What's implemented (see cmd/nebulous/archive.go and internal/alfa/{orchestrator,capturer,archivelist,policy}/):

  • Capture pipeline — for each (subject, policy) pair the orchestrator expands the policy's URL template (Go text/template, strict mode, {{.Story.Permalink}} / .Hash / .Title), feeds a batch-input JSON document to chrest on stdin, and chrest streams each artifact through madder write into the nebulous blob store. Per capture this yields a content-addressed spec, payload, and (when split is true) envelope artifact.
  • Archive records — plain-JSON records written atomically to $XDG_DATA_HOME/nebulous/archives/<subject>/<policy_id>.json, cross-referencing the artifact markl IDs. Prior records are preserved in a madder-backed history store before being replaced.
  • Capture policy — user-authored TOML at $XDG_CONFIG_HOME/nebulous/nebulous.toml ([[policy]] + [[policy.capture]]); a starter covering the Firefox-compatible formats (text, pdf, screenshot, html-monolith, markdown-full, markdown-reader) ships in docs/templates/ via just archive-init.
  • Orchestration ergonomics — worker pool (--jobs), TTL gate that skips targets with a fresh fully-successful prior record (--ttl), circuit breaker that bails after 3 consecutive failures, and TAP-14 streaming or JSON reports (--format).
  • Fetch integrationnebulous fetch runs an archive-capture pass over newly-indexed stories by default (--no-archive to skip), so starring a story preserves it.

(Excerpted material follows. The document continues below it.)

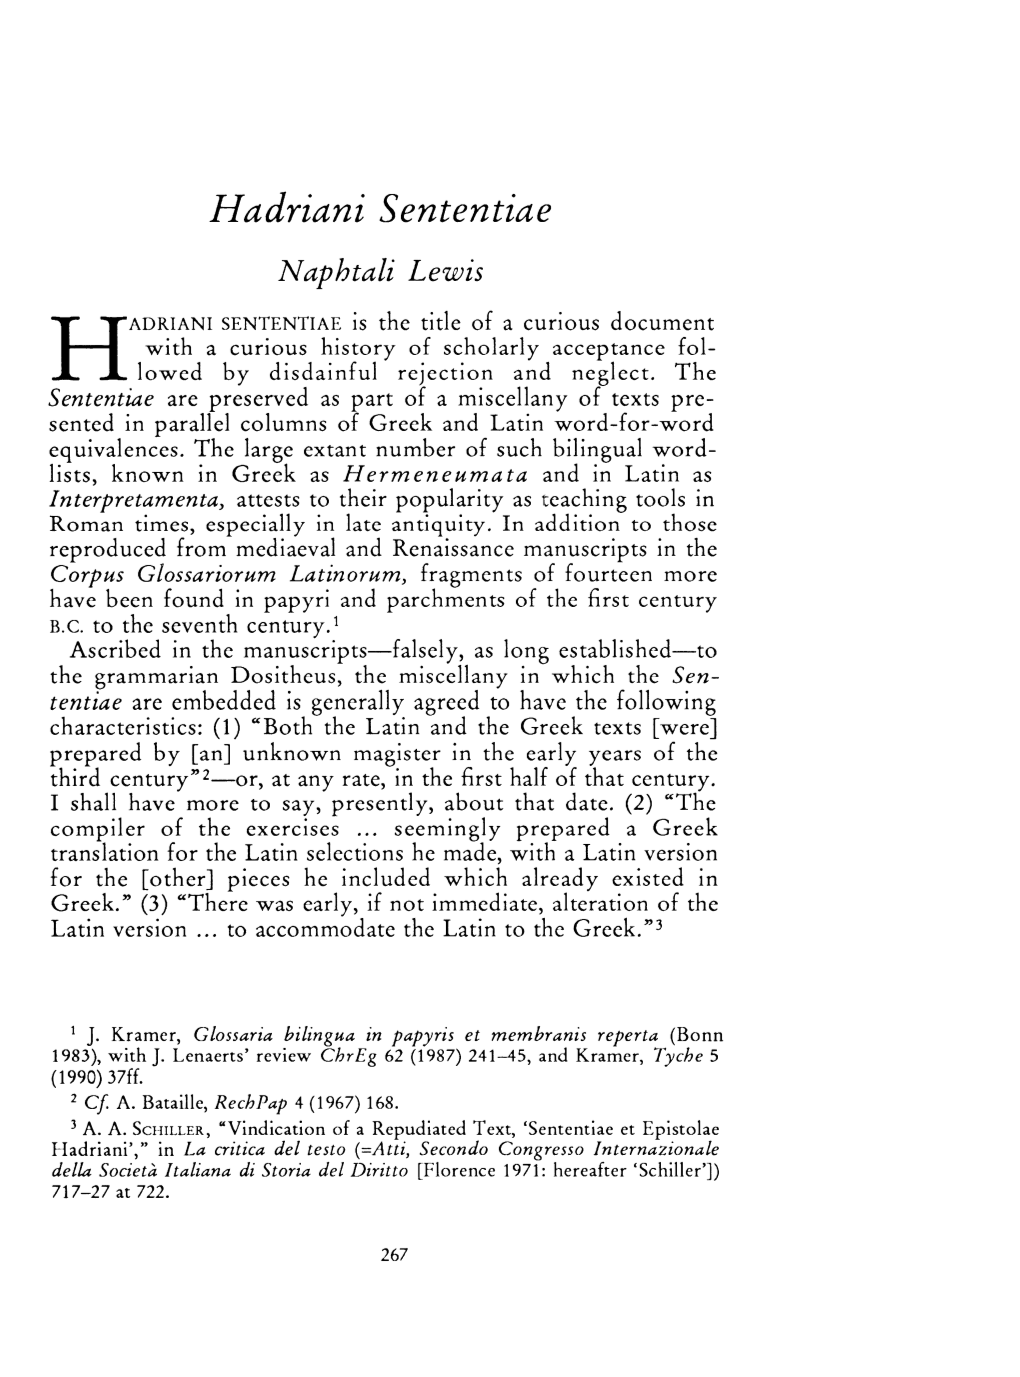 Hadriani Sententiae , Greek, Roman and Byzantine Studies, 32:3 (1991:Autumn) P.267

Status honesty: RFC 0001 is proposed and its schemas are an exploratory v0 series. ADR 0001 proposes moving payload normalization from the capturer into the orchestrator but is not yet ratified — today normalization lives in chrest, and nebulous does none. The earlier single-file-HTML snapshotting exploration (FDR 0001, monolith vs SingleFile) remains exploring; the RFC 0001 pipeline is what shipped.

CLI

nebulous serve mcp                    Start MCP server over stdio
nebulous fetch [--archive-jobs=N] [--no-archive]
                                      Sync feeds, starred stories, original text;
                                      then archive newly-indexed stories
nebulous archive-capture [TARGET...]  Capture story IDs (<feed>:<hash>) or URLs;
                                      `-` reads targets from stdin
nebulous archive-list [PREFIX]        List archive records (--format=auto|table|jsonl)
nebulous corpus-list / corpus-read    Starred-story corpus access (for maneater)
nebulous generate-plugin | hook | install-mcp
                                      Plugin/install plumbing (no token needed)

Auth & configuration

  • NEWSBLUR_TOKEN (NewsBlur session cookie) is required for serve mcp and fetch. Store it in .secrets.env (gitignored, loaded by direnv). The archive, corpus, and plugin subcommands read only the local store and need no token.
  • Capture policy: $XDG_CONFIG_HOME/nebulous/nebulous.toml (--policy to override).
  • Archive records: $XDG_DATA_HOME/nebulous/archives (--archive-root to override).

Development

The build entrypoint is the justfile:

just build          # build-go + build-nix
just build-go       # debug build → build/debug/nebulous (ldflags-injects
                    #   flake-pinned madder + chrest paths)
just build-nix      # reproducible Nix build (buildGoApplication + gomod2nix)
just test           # go tests + bats lanes (zz-tests_bats/)
just install-dev    # nix build + install MCP server config
just archive-init   # drop the starter nebulous.toml
just archive ...    # one-shot archive-capture via prod paths
just archive-recent # archive the N most recent starred stories

After changing Go dependencies: go mod tidy && gomod2nix. RFC 0001 conformance tests live in zz-tests_bats/ and inject the capturer and writer binaries via bats-emo, so a different conforming capturer/writer can run the same suite.